Whether or not you agree with the ethical, commercial or practical aspects of transparently building user profiles, it makes for an interesting technical challenge. So, what can we guess about a user without asking them any questions?



Let's take a look at the data we can collect:


  • HTTP Request

    • User Agent String

    • IP Address

    • Referrer



  • Javascript/Client Side

    • Display Information

    • History Length

    • Cookie Information



  • Click-Stream (the history of clicks on our site)

    • Content viewed

    • Searches performed

    • Timing information






We can expand on these to give us more specific information:


  • HTTP Request

    • User Agent String

      • Browser Product

      • Platform



    • IP Address

      • Location (GeoLocation/IP Lookup)

      • Service Provider (Reverse DNS Lookup)



    • Referrer

      • Referring Website

      • Search Terms (e.g. keywords entered into Google)

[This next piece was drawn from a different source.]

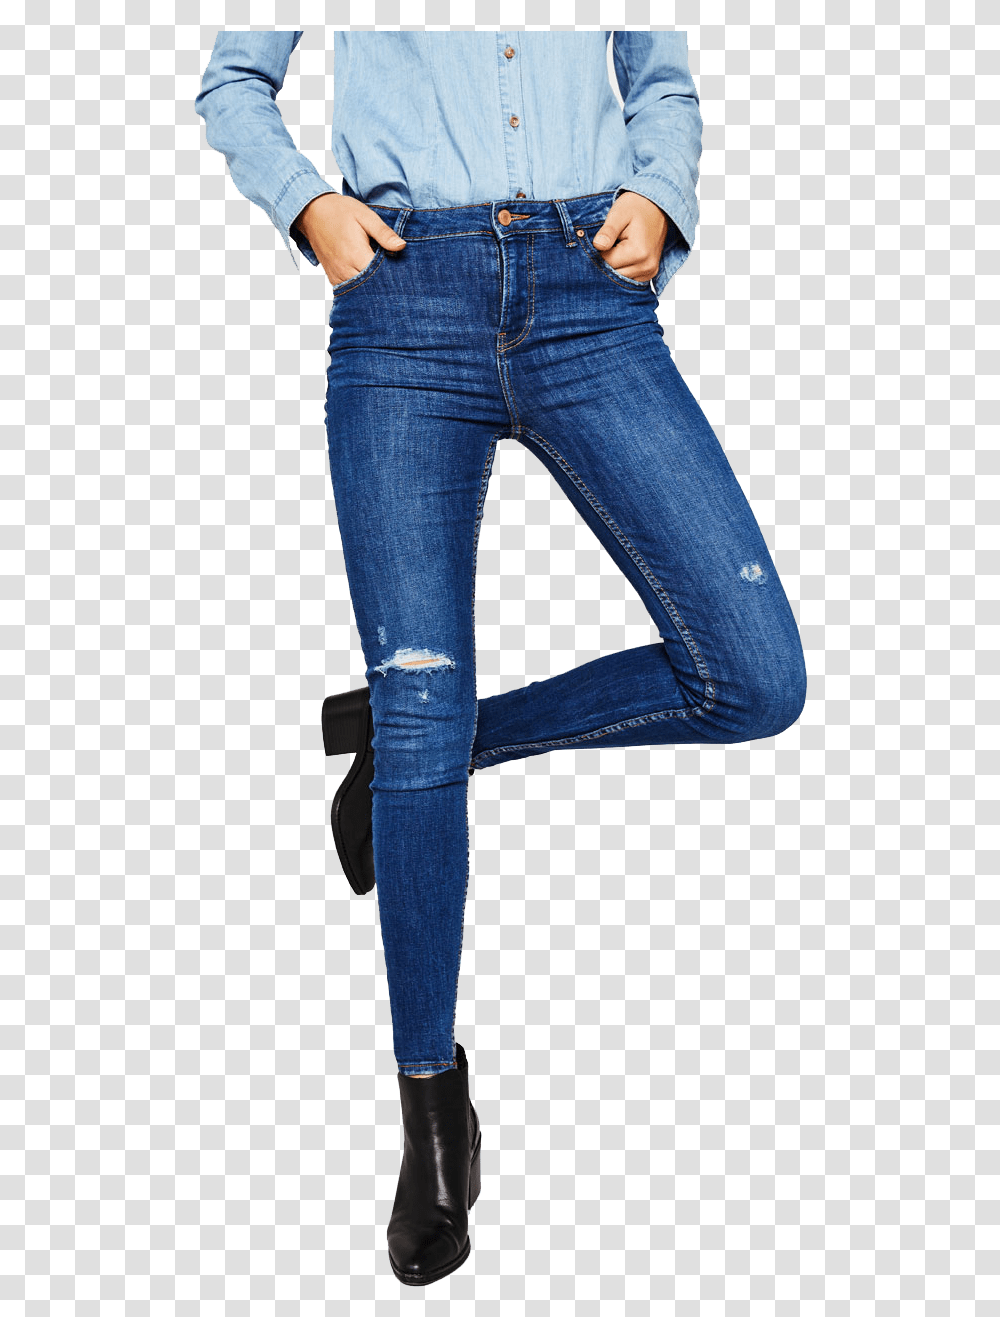 Jeans Hd Images Jeans Hd, Pants, Apparel, Denim Transparent Png

      • Marketing/Advert used (e.g. which Google AdWords advert was clicked on)





  • Javascript/Client Side

    • Display Information

      • Colour Depth

      • Resolution



    • History Length

      • Whether or not the URL was typed directly



    • Cookie Information

      • Previous Visits/Repeat User





  • Click-Stream (the history of clicks on our site)

    • Content viewed

      • Type of content (e.g. subject of content, format of content)

      • Order of content viewed/Path through site



    • Searches performed

      • Keywords

      • Types of search (e.g. boolean)



    • Timing information

      • Date/Time of clicks

      • Time between clicks








Some of these -- such as location and service provider -- are not always accurate (AOL users, roaming users, using the web at work, and many other complexities), but we're only building a best guess, so lets use all of the information at our disposal.



We still need to translate this technical information into user attributes. So what kinds of guesses might we make about a user, from this information? Here are some starting points to get you thinking (again, these are not meant to be 100% accurate, but "the user is more likely to fall in this segment if they match this data"). Apologies if some of these seem to be based on groan-worthy stereotypes, but much of this comes from real evidence.




  • Affluent Users

    • HTTP Request > Browser > Platform > Mac

    • HTTP Request > IP Address > Location > Urban centre

    • Javascript > Screen Information > Resolution > High




  • Female Users

    • HTTP Request > Browser > Product > NOT Firefox

    • HTTP Request > Referrer > Website > Yahoo/AOL/Ask Jeeves

    • Click Stream > Content Viewed > Type of content > Female targeted content




  • Younger Users

    • Click Stream > Searches performed > Boolean search performed

    • Javascript > Screen Information > Resolution > NOT Low

    • Click Stream > Timing Information > Short time between clicks





What other rules might exist for matching a particular demographic? I have some thoughts, but these are currently based on my limited view of the world, rather than hard statistics (e.g. If you are browsing early in the morning, are you more likely to be male/young? If you have an old browser version, are you more likely to be less computer literate/older?).



Depending on the type of content on your site, it is sometimes relatively straightforward to only use a small subset (the type of content viewed) of this available information to build up an accurate profile. Amazon is an obvious example. If you browse the music of Kelly Clarkson and Avril Lavigne, the system will probably assume you are a white, middle class teenage girl who is in the middle of a temporary and short-lived attempt to 'rock out', whilst completely missing the point of rebellion. Look at Dixie Chicks and Green Day, and the communist left-wing checkbox will be ticked and an automatic email to the White House triggered. On the other hand, if you've been looking at The Flaming Lips and The Decemberists, then it could assume that you are highly intelligent, witty, with a deep cultural and political understanding of the world and a bright and happy future ahead of you.